WORK REQUEST
Drop the pictures, then extract the listing word for word.

DATA SEGMENT
---*---
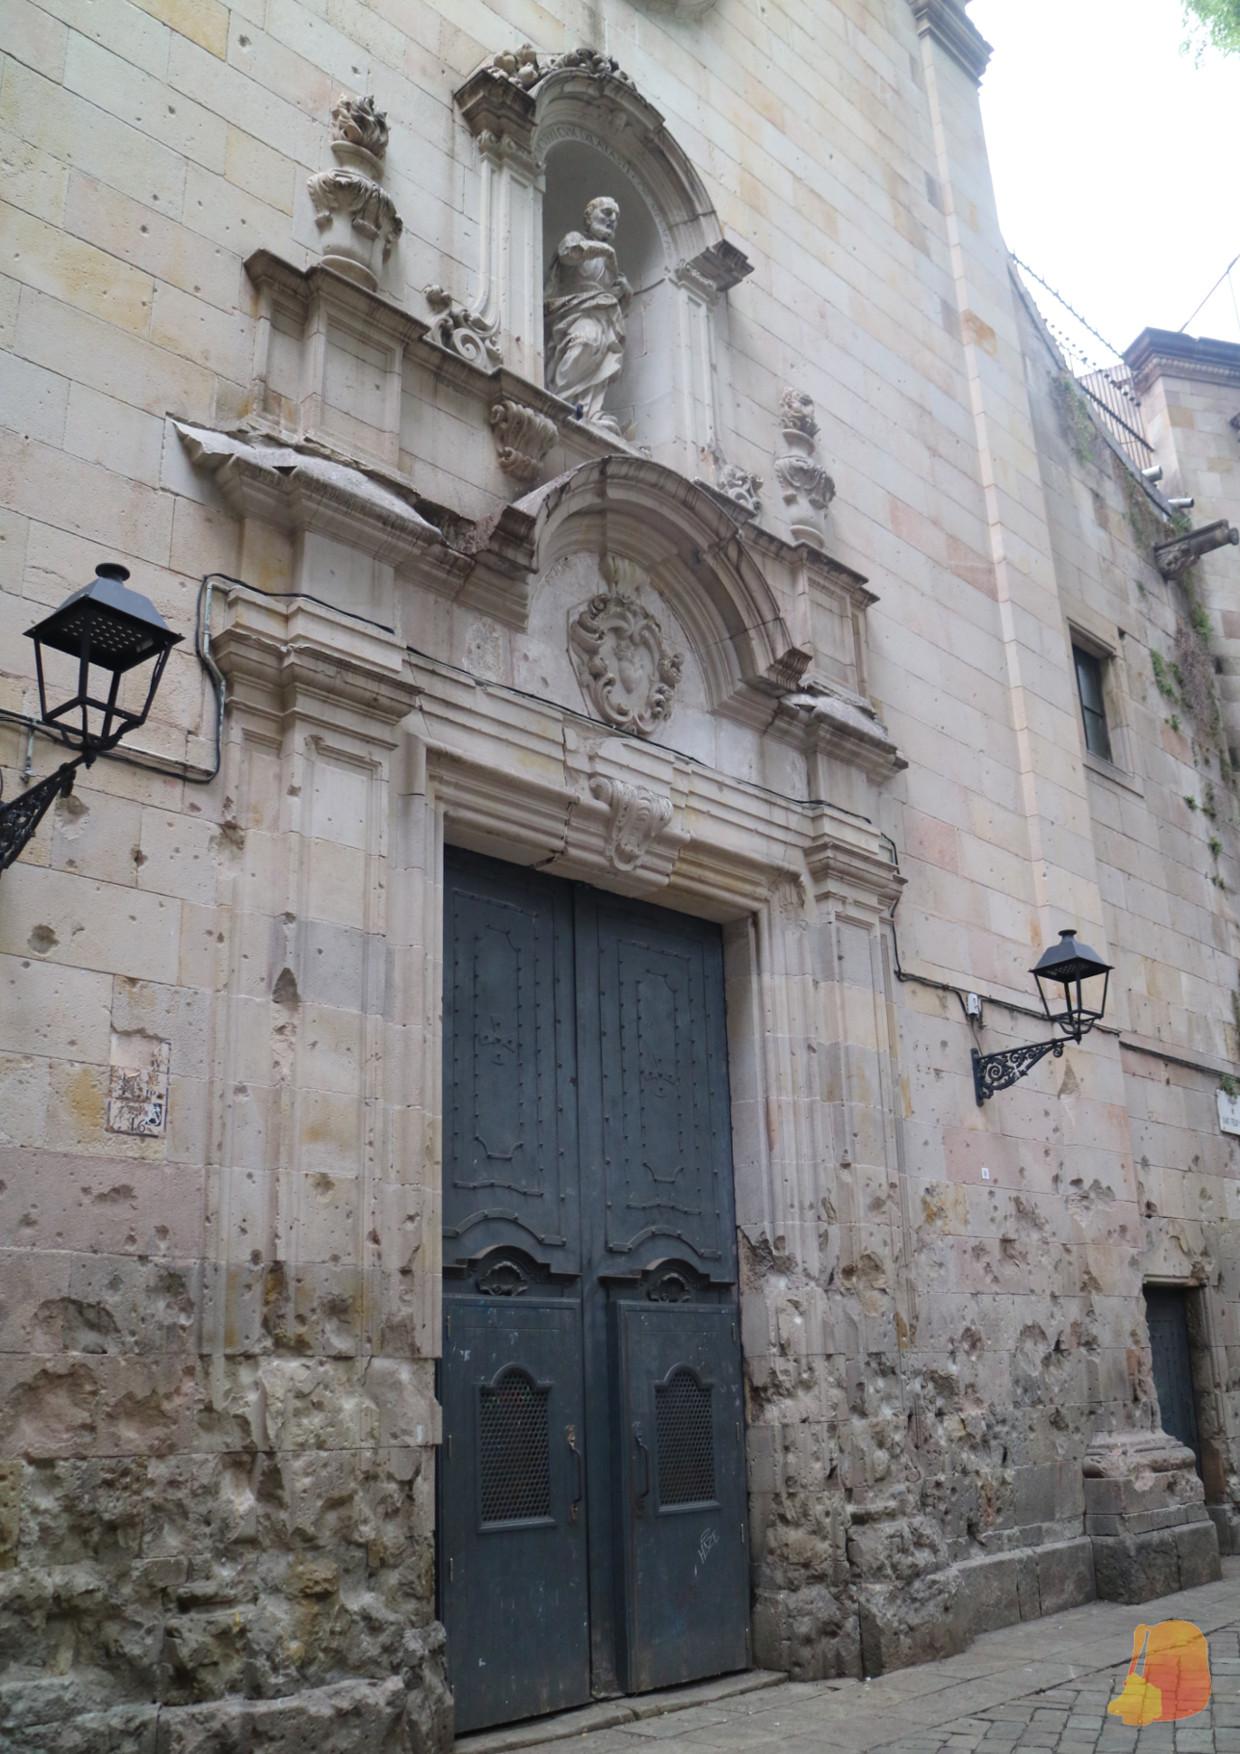 Fachada de la Iglesia de Sant Felip Neri con restos de metralla
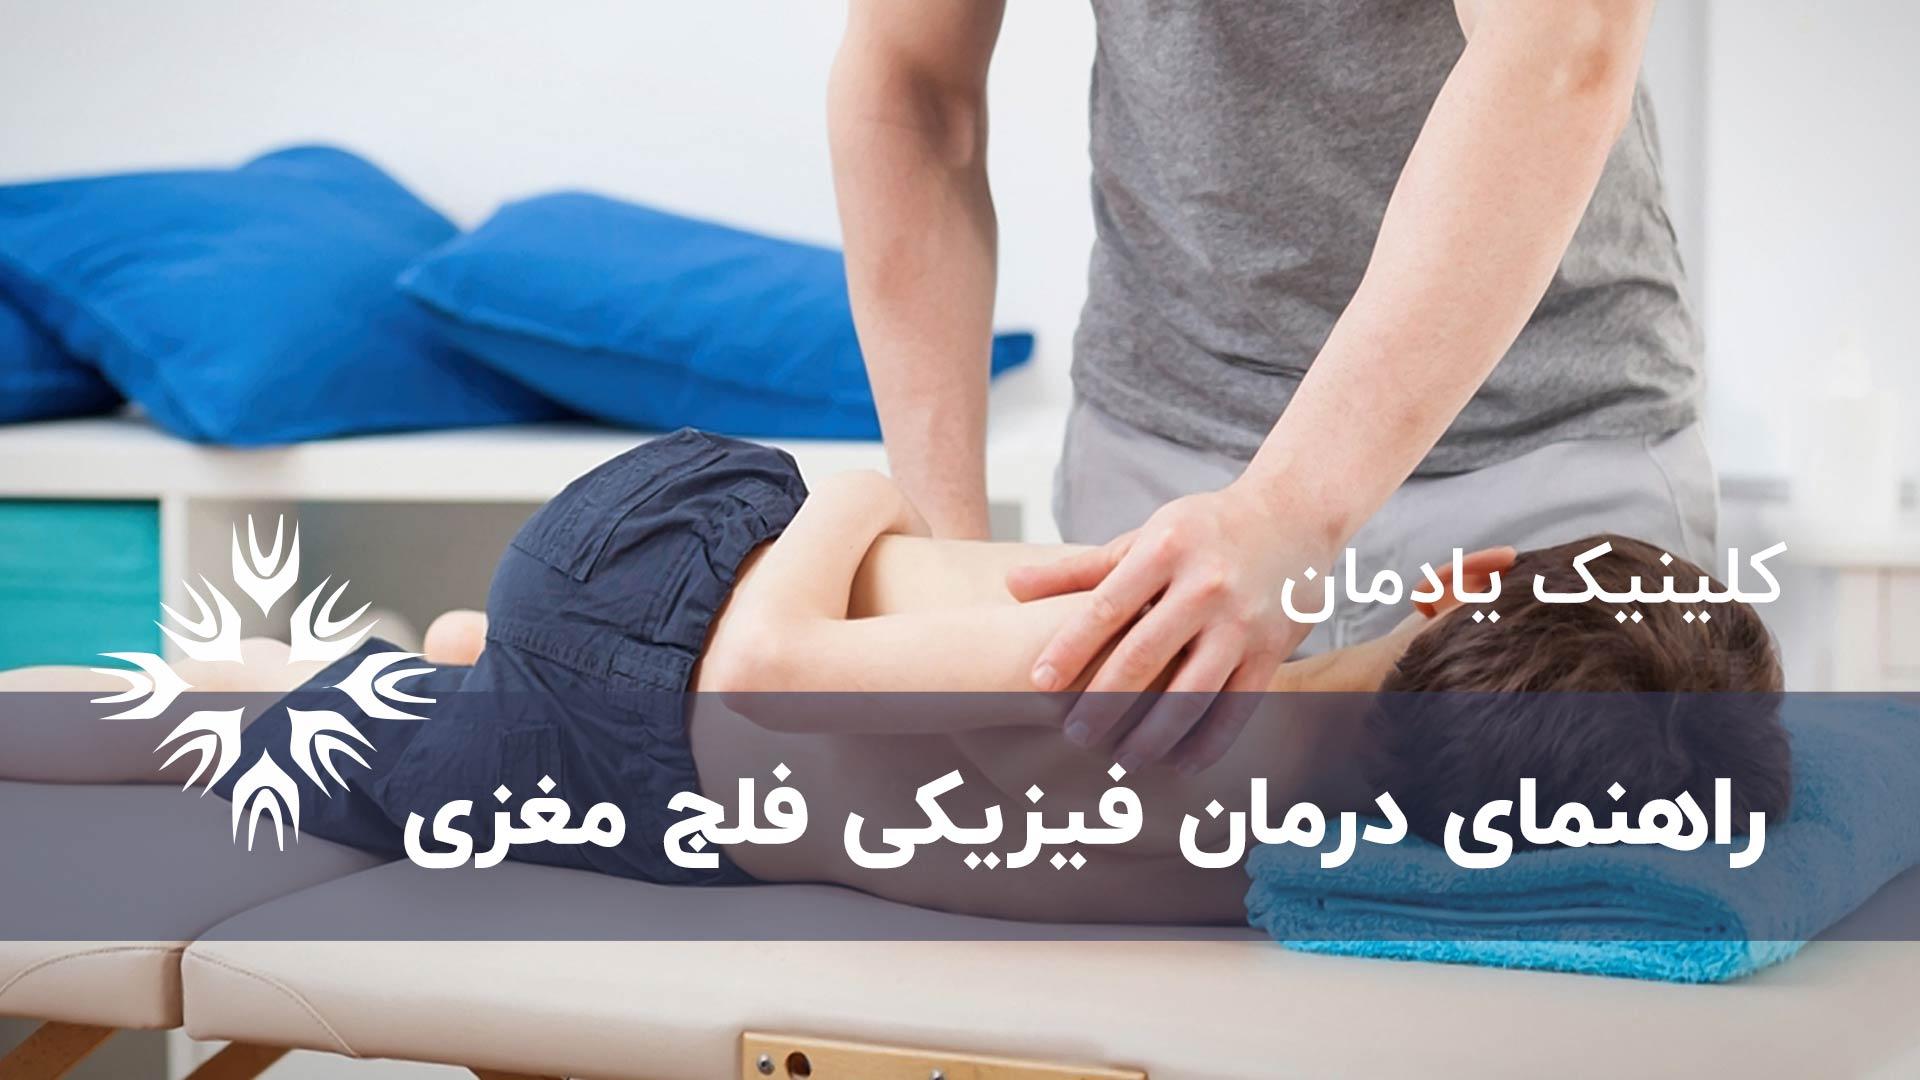 راهنمای درمان فیزیکی فلج مغزی
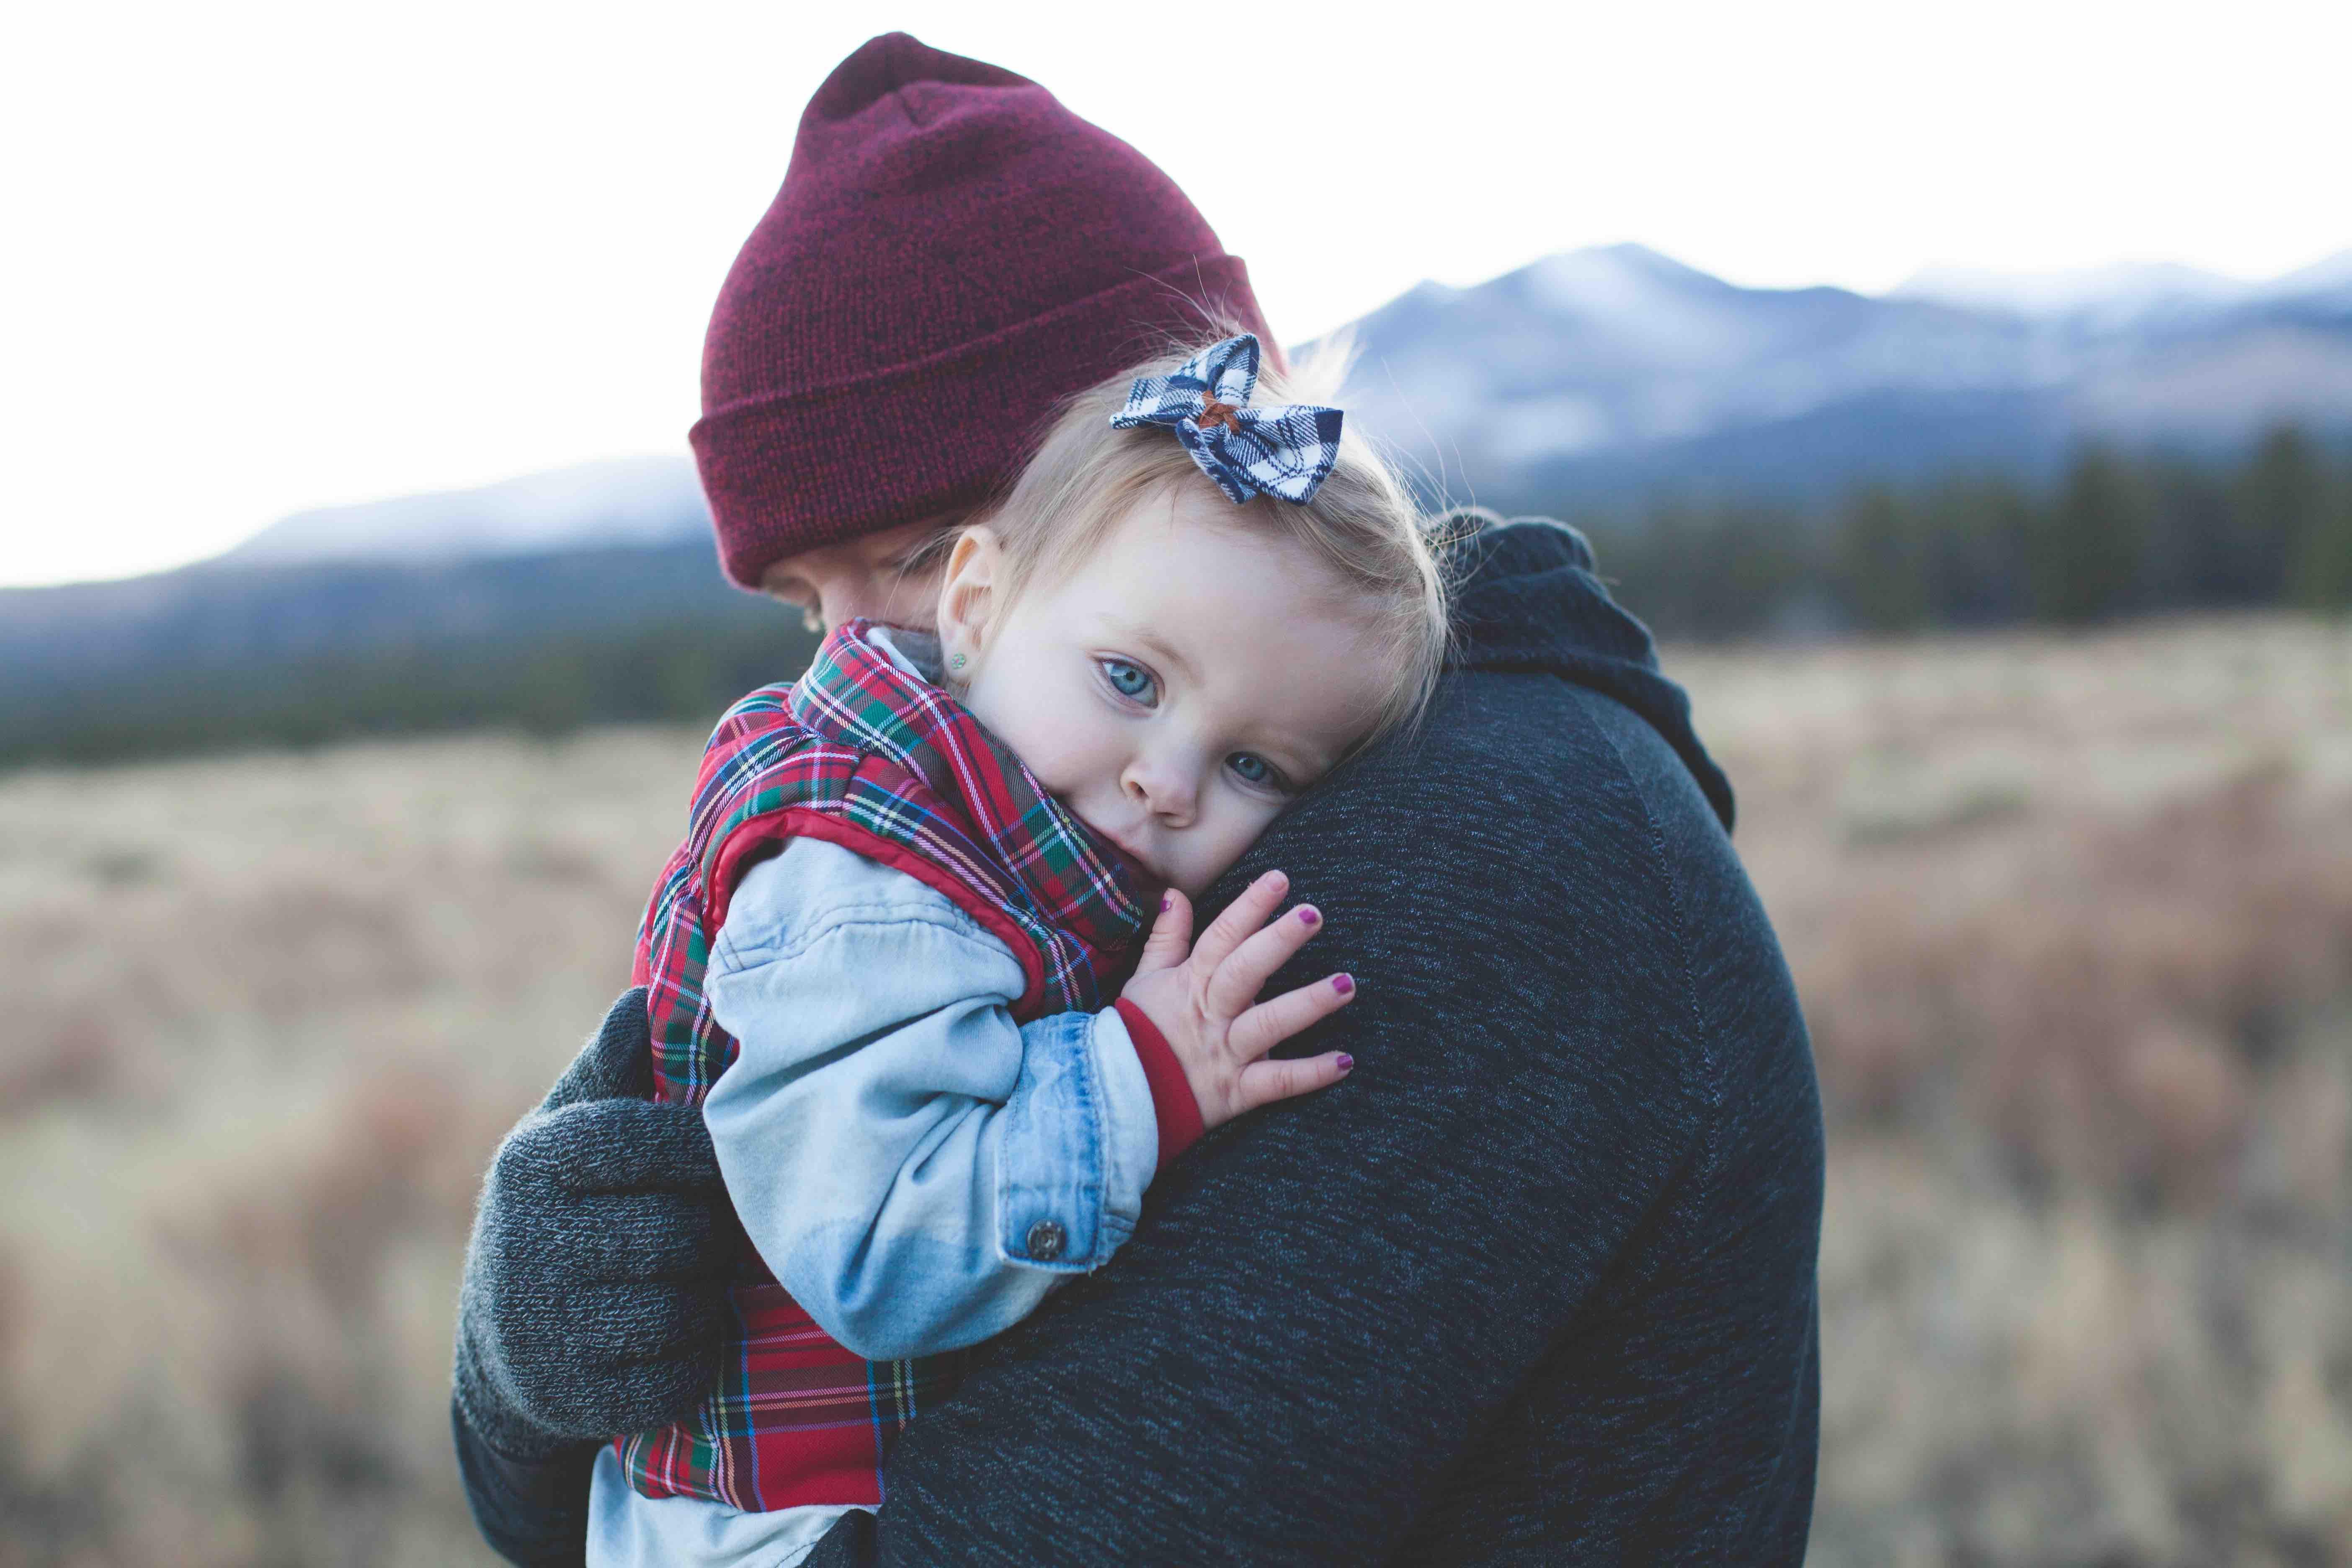 かわいい赤ちゃんハーフモデル!我が子をモデルにするには??
---*---
RESULT
 Fachada de la Iglesia de Sant Felip Neri con restos de metralla
 راهنمای درمان فیزیکی فلج مغزی
 かわいい赤ちゃんハーフモデル!我が子をモデルにするには??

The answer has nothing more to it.